- **Dataset entries**:
%%

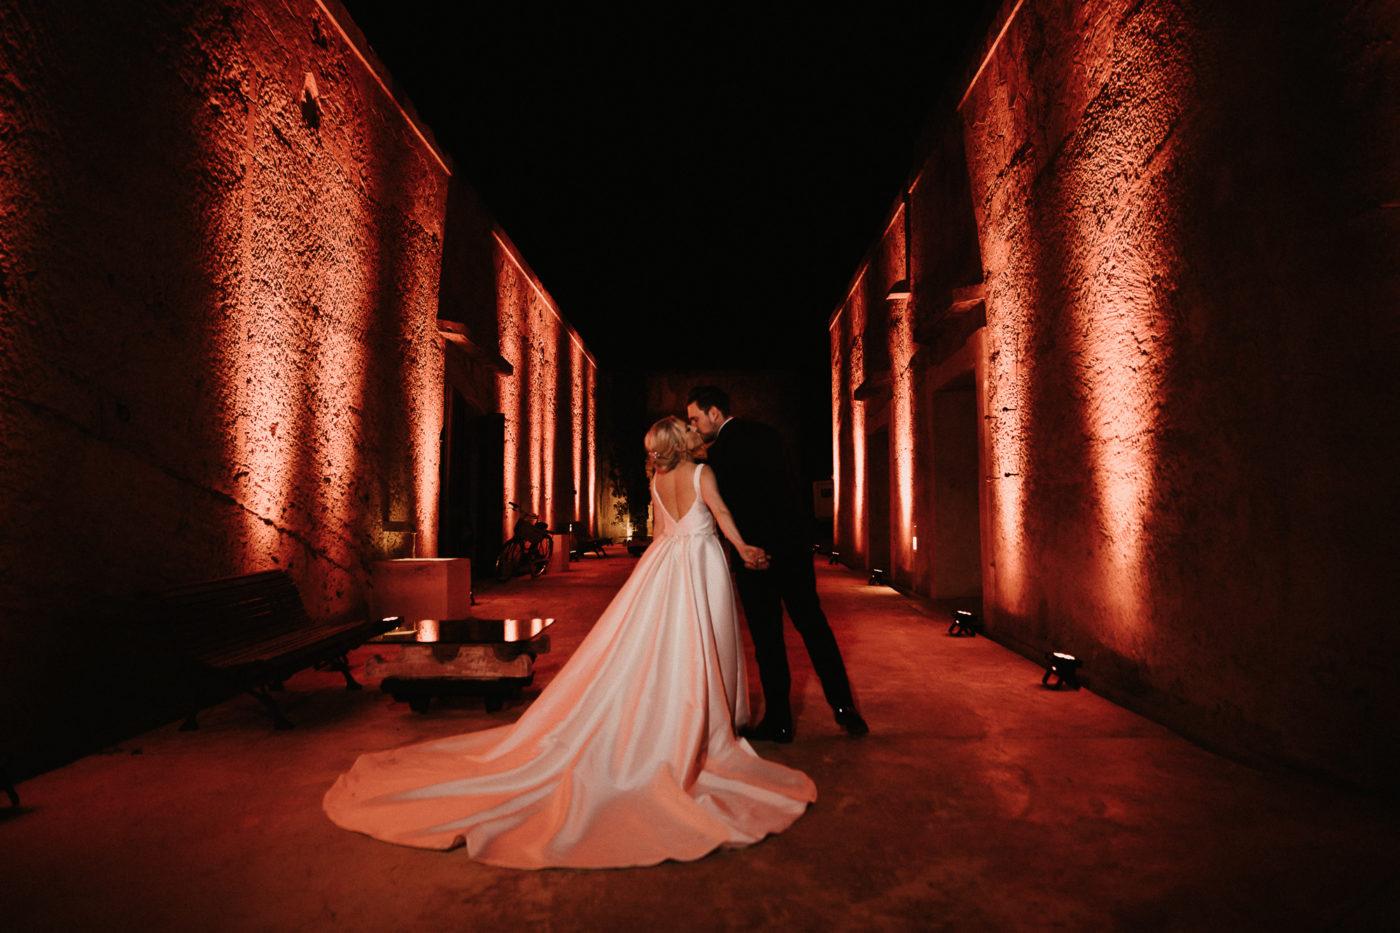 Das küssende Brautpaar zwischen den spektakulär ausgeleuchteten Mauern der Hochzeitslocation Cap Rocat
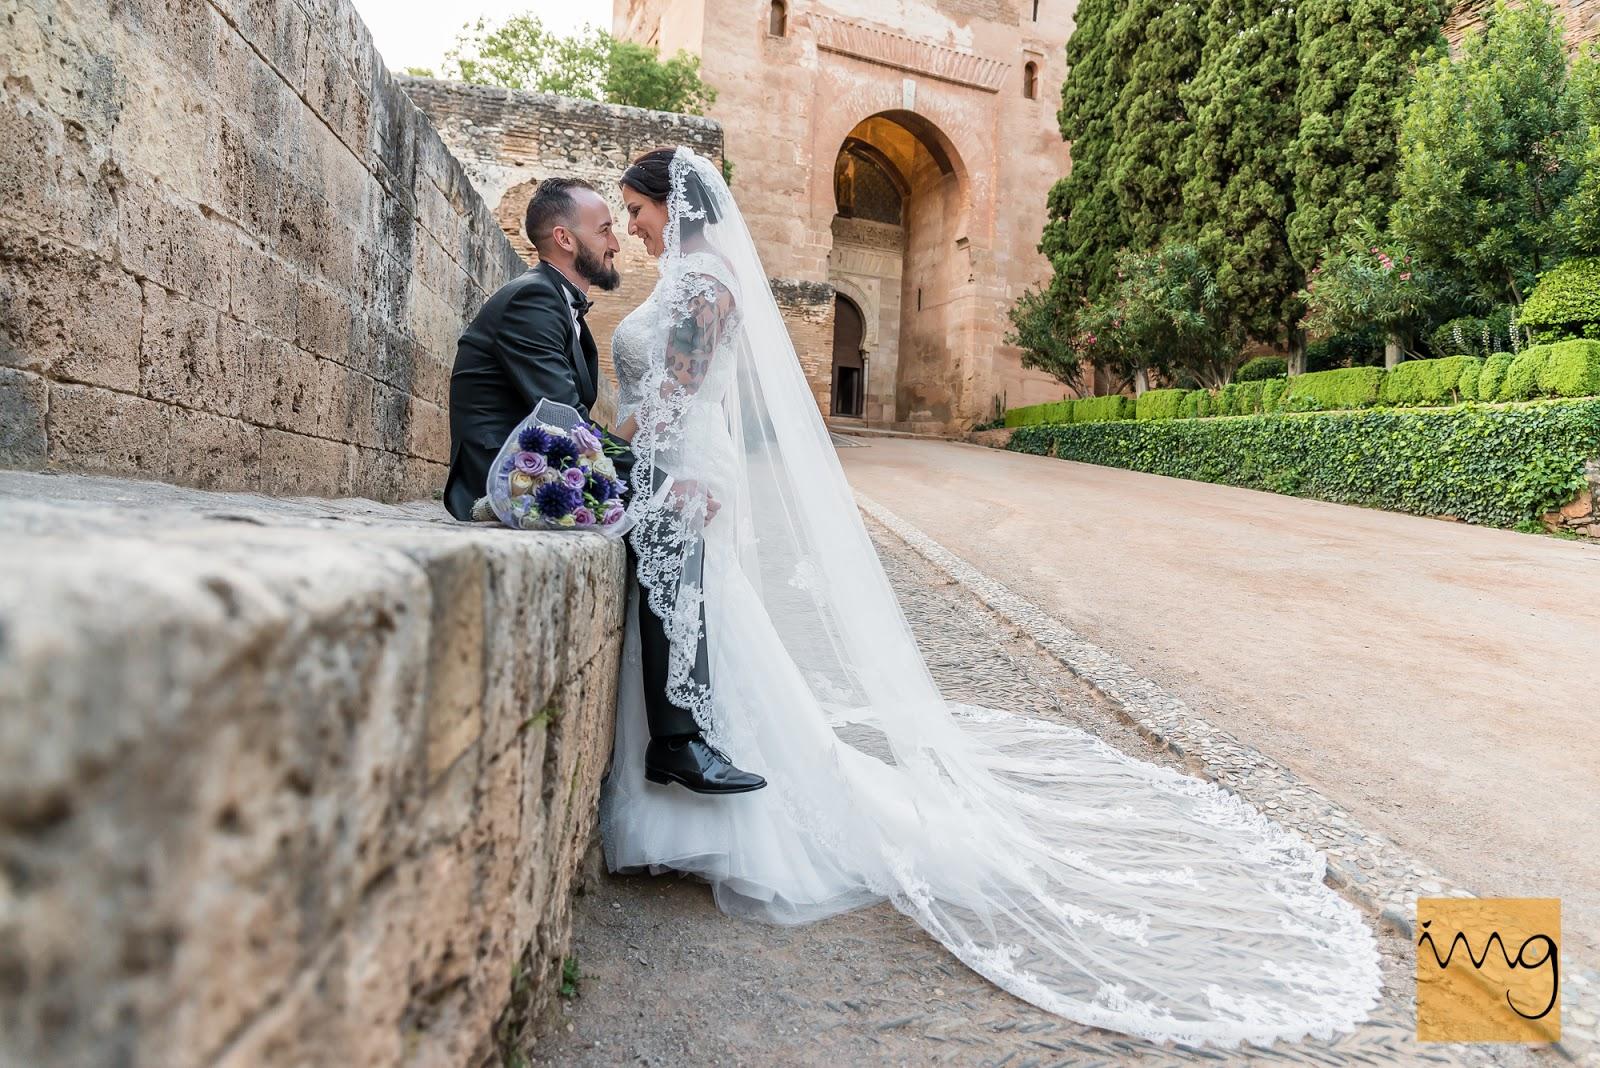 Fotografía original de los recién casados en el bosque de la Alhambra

%%
%%

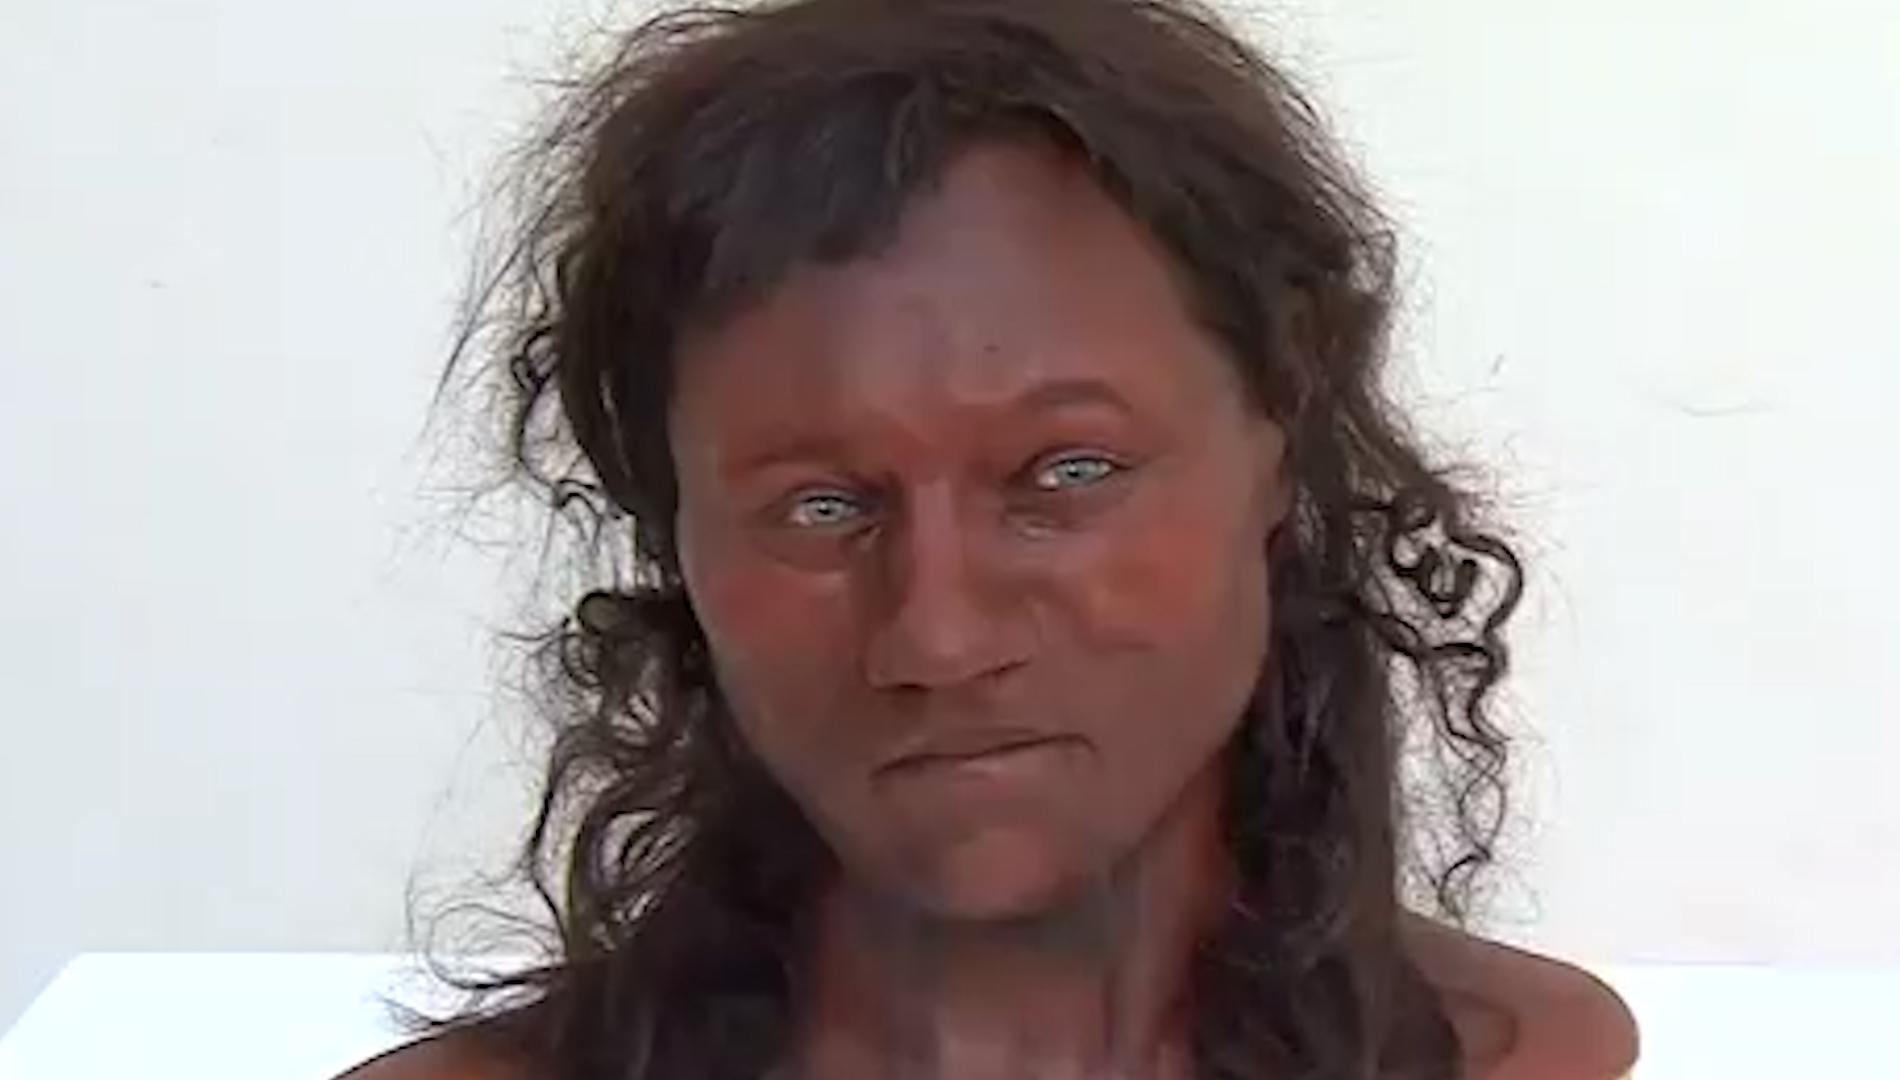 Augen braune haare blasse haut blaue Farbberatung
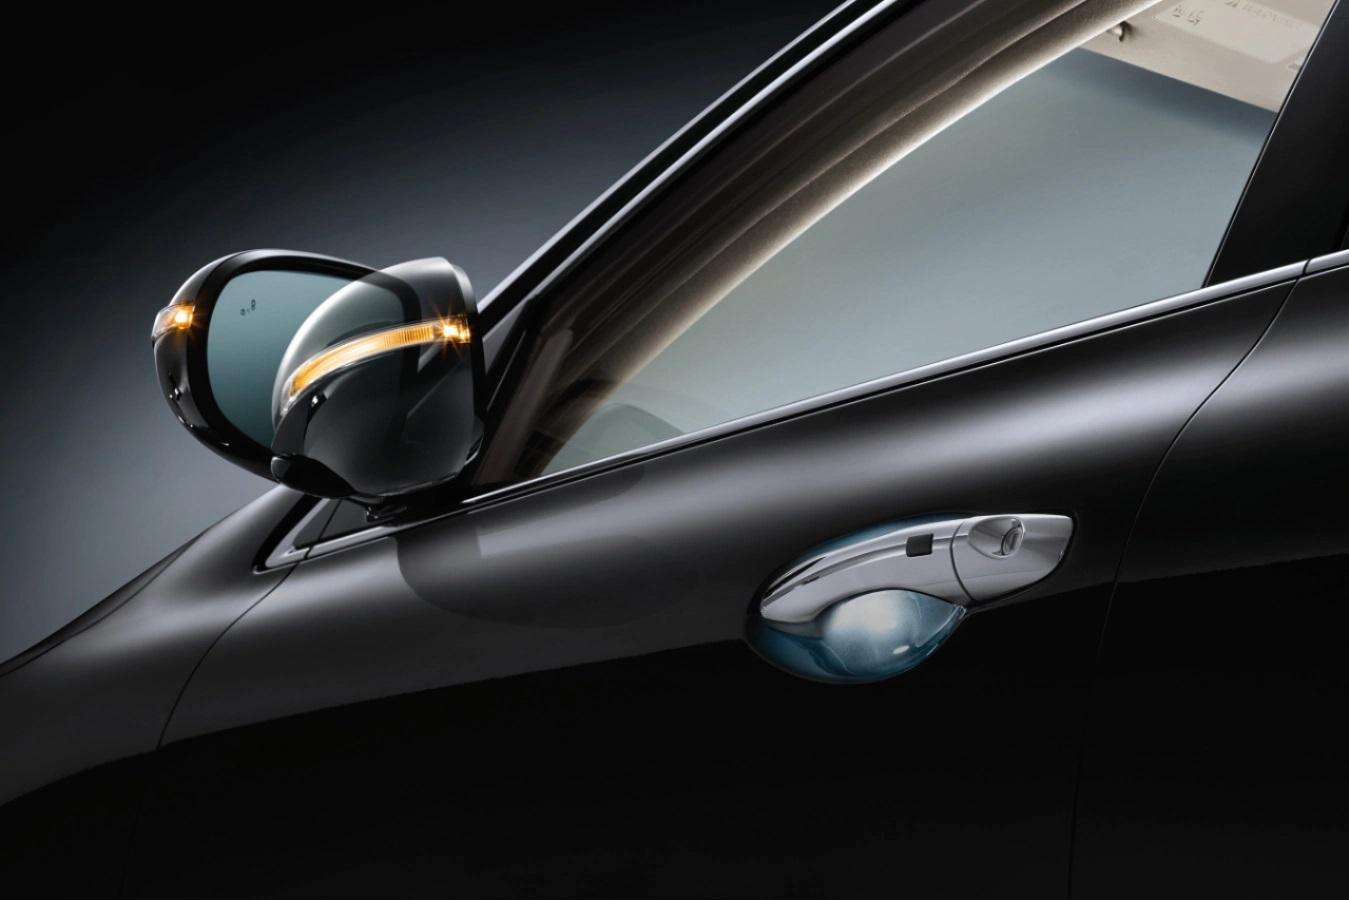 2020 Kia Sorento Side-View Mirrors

%%
%%

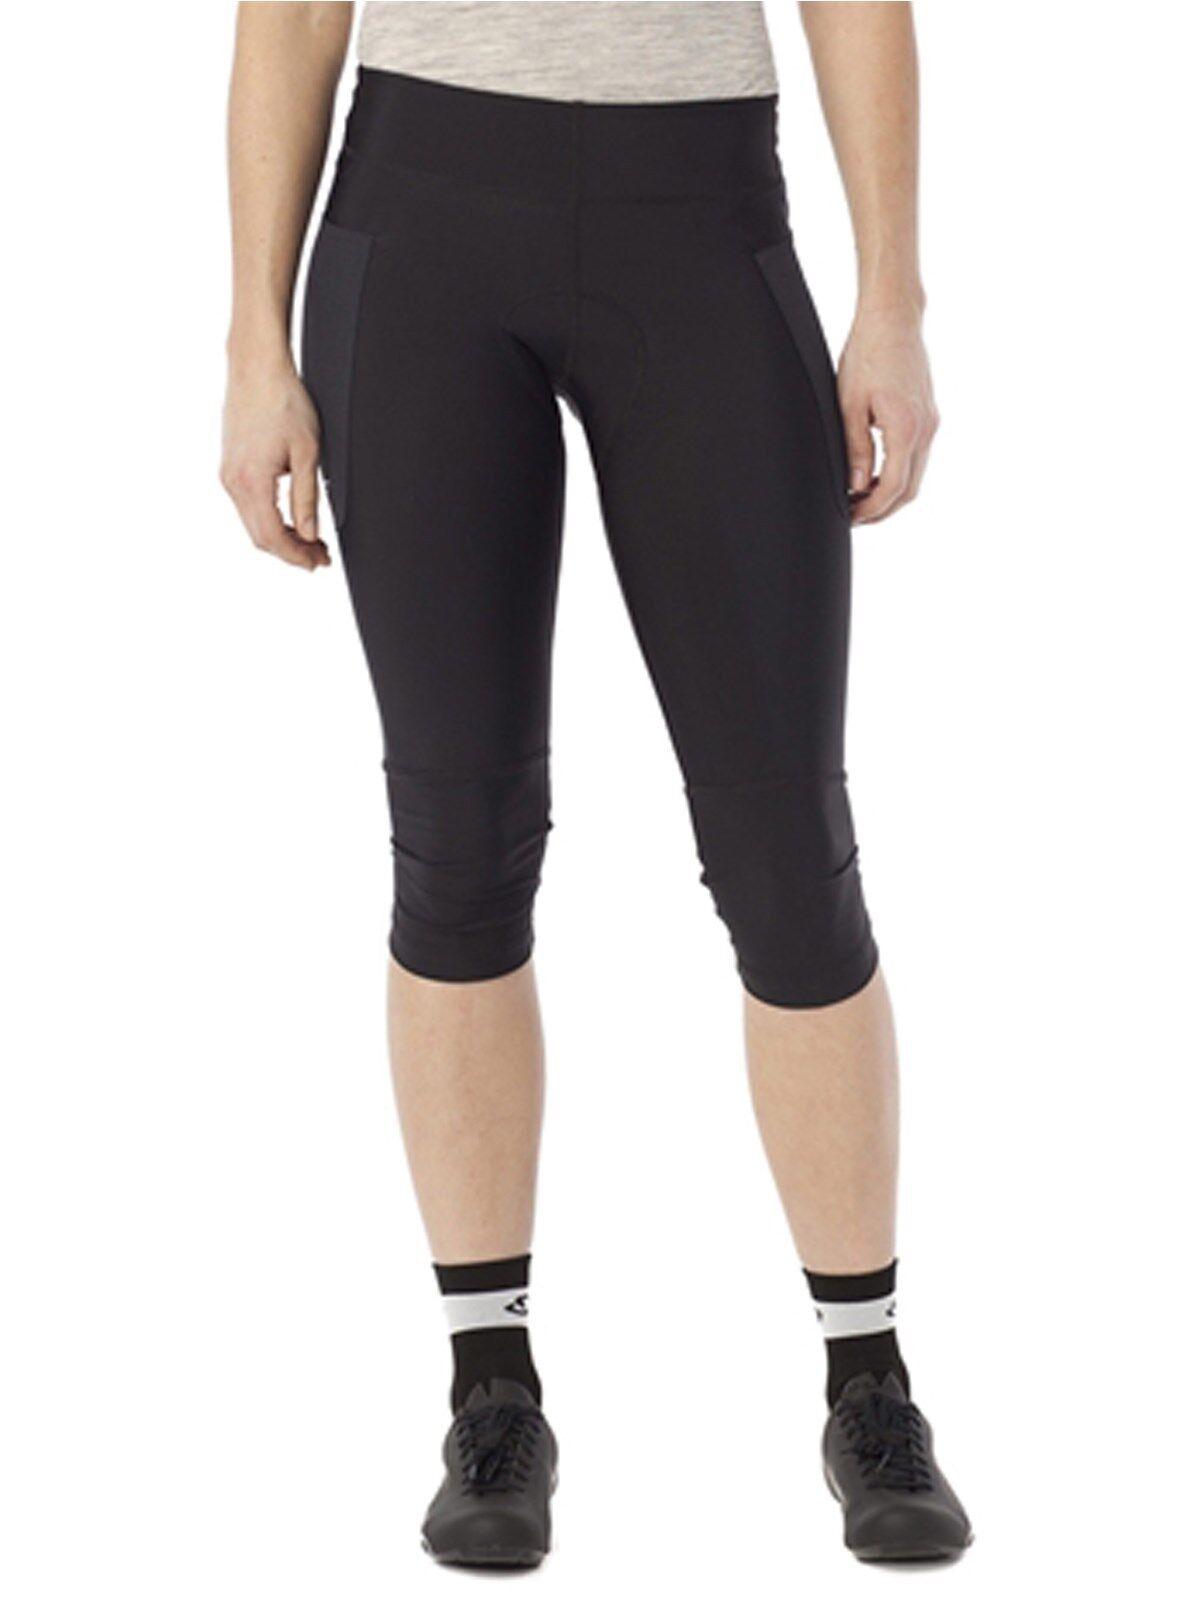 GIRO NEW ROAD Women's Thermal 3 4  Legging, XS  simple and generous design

%%

- **Try it**:
Look above for the line containing "Das küssende Brautpaar" and the line containing "Fotografía original de", then reproduce both and everything between them exactly, pictures omitted.

- **Task output**:
 Das küssende Brautpaar zwischen den spektakulär ausgeleuchteten Mauern der Hochzeitslocation Cap Rocat
 Fotografía original de los recién casados en el bosque de la Alhambra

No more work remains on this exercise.